Mark Lindsay Chapman (born 8 September 1954) is an English actor. He is known for his roles as Chief Officer Henry Wilde in the film Titanic (1997), as John Lennon in the film Chapter 27 (2007) and as Dr. Anton Arcane on the USA Network TV series Swamp Thing from 1990 to 1993.

Career 

He attended the Guildford School of Acting where he studied ballet, speech, drama, and fencing.

His television credits include: Max Headroom, Dallas (as Brett Lomax), Falcon Crest, Baywatch, Murder, She Wrote, Lois and Clark: The New Adventures of Superman, JAG, Charmed, The Young and the Restless, Swamp Thing, and The Langoliers. He played Chief Officer Henry Tingle Wilde in the 1997 film Titanic. A Paramount internal memo dated from 1987 has revealed that Chapman was once considered for the part of Data in Star Trek: The Next Generation.

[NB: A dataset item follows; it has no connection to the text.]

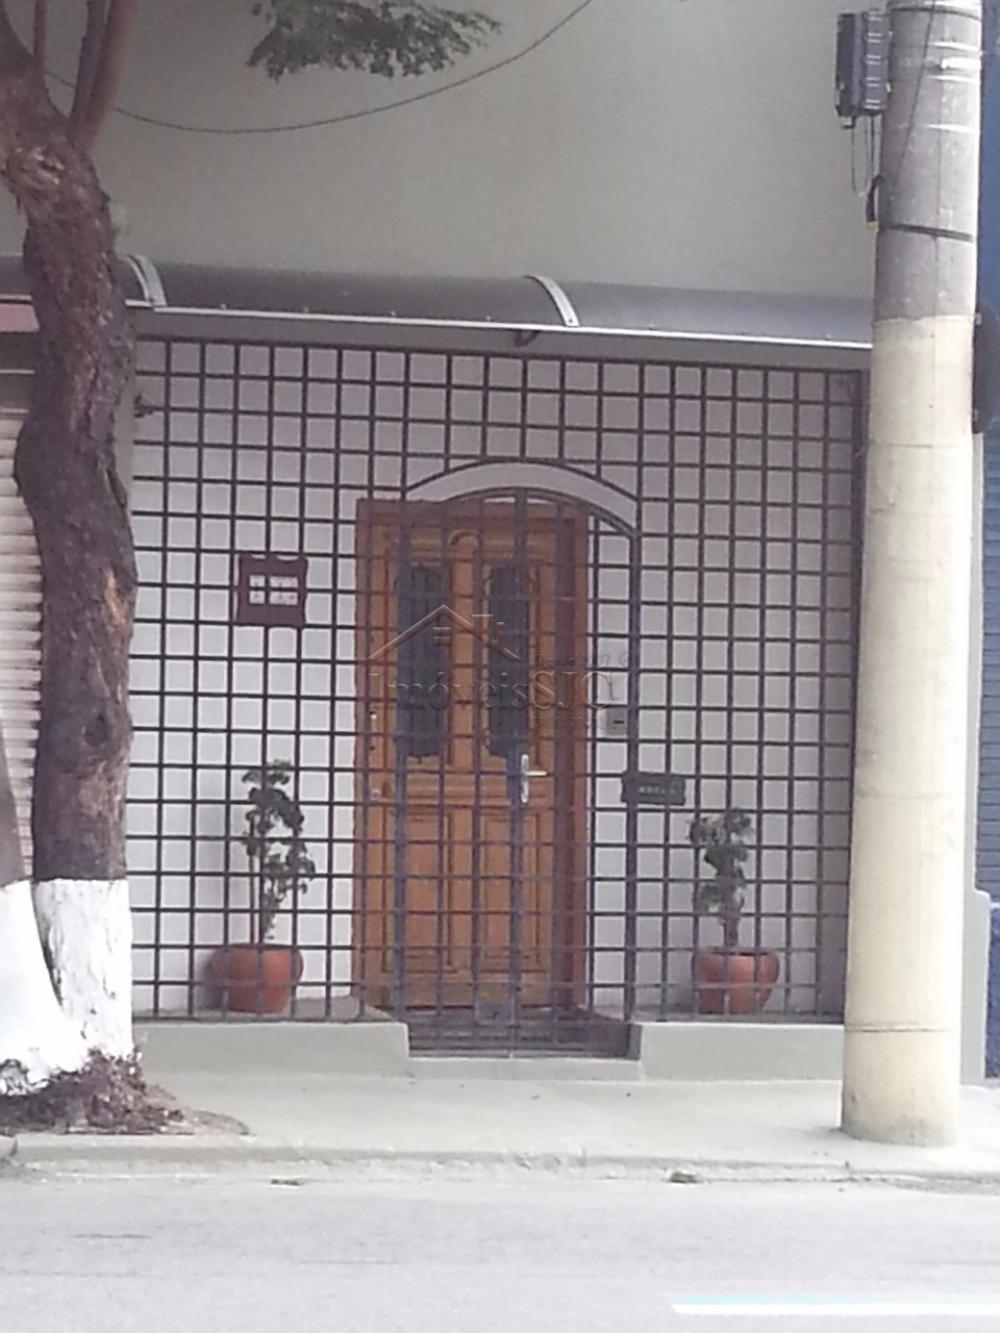 Alugar Comerciais / Casa Comercial em São José dos Campos apenas R$ 2.500,00 - Foto 1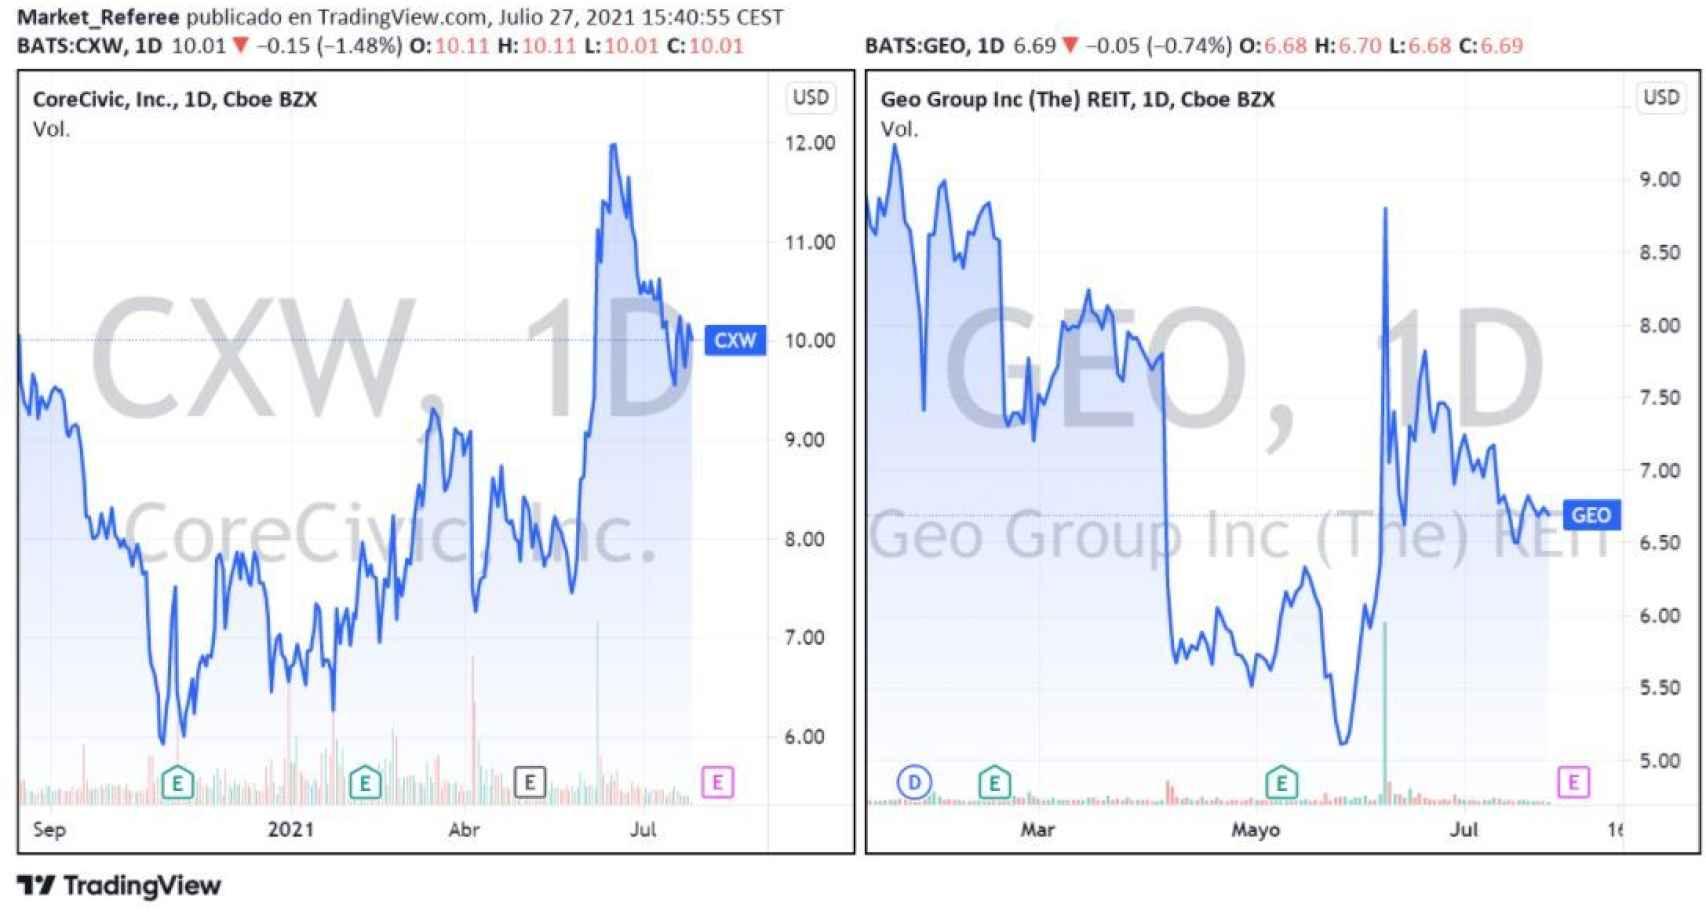 Evolución bursátil de GEO  Group y CoreCivic.

The similarity between his name and that of John Lennon's murderer, Mark David Chapman, prevented him in 1985 from playing Lennon in John and Yoko: A Love Story, a biographical film produced by NBC; Yoko Ono had been deeply involved in the production and had herself been initially impressed with his audition and approved his casting prior to discovering his full name was Mark Lindsay Chapman. She then nixed his casting on the grounds it was "bad karma", and a great deal of press attention was given to his having almost gotten the role (Chapman changed his name to Lindsay when he joined Equity, as there was already a Mark Chapman in the union). The role went instead to Mark McGann.  Chapman's full name surfaced again when the story was published in Britain, and reporters began making inquiries about the actor, who was then working as a bricklayer with his father.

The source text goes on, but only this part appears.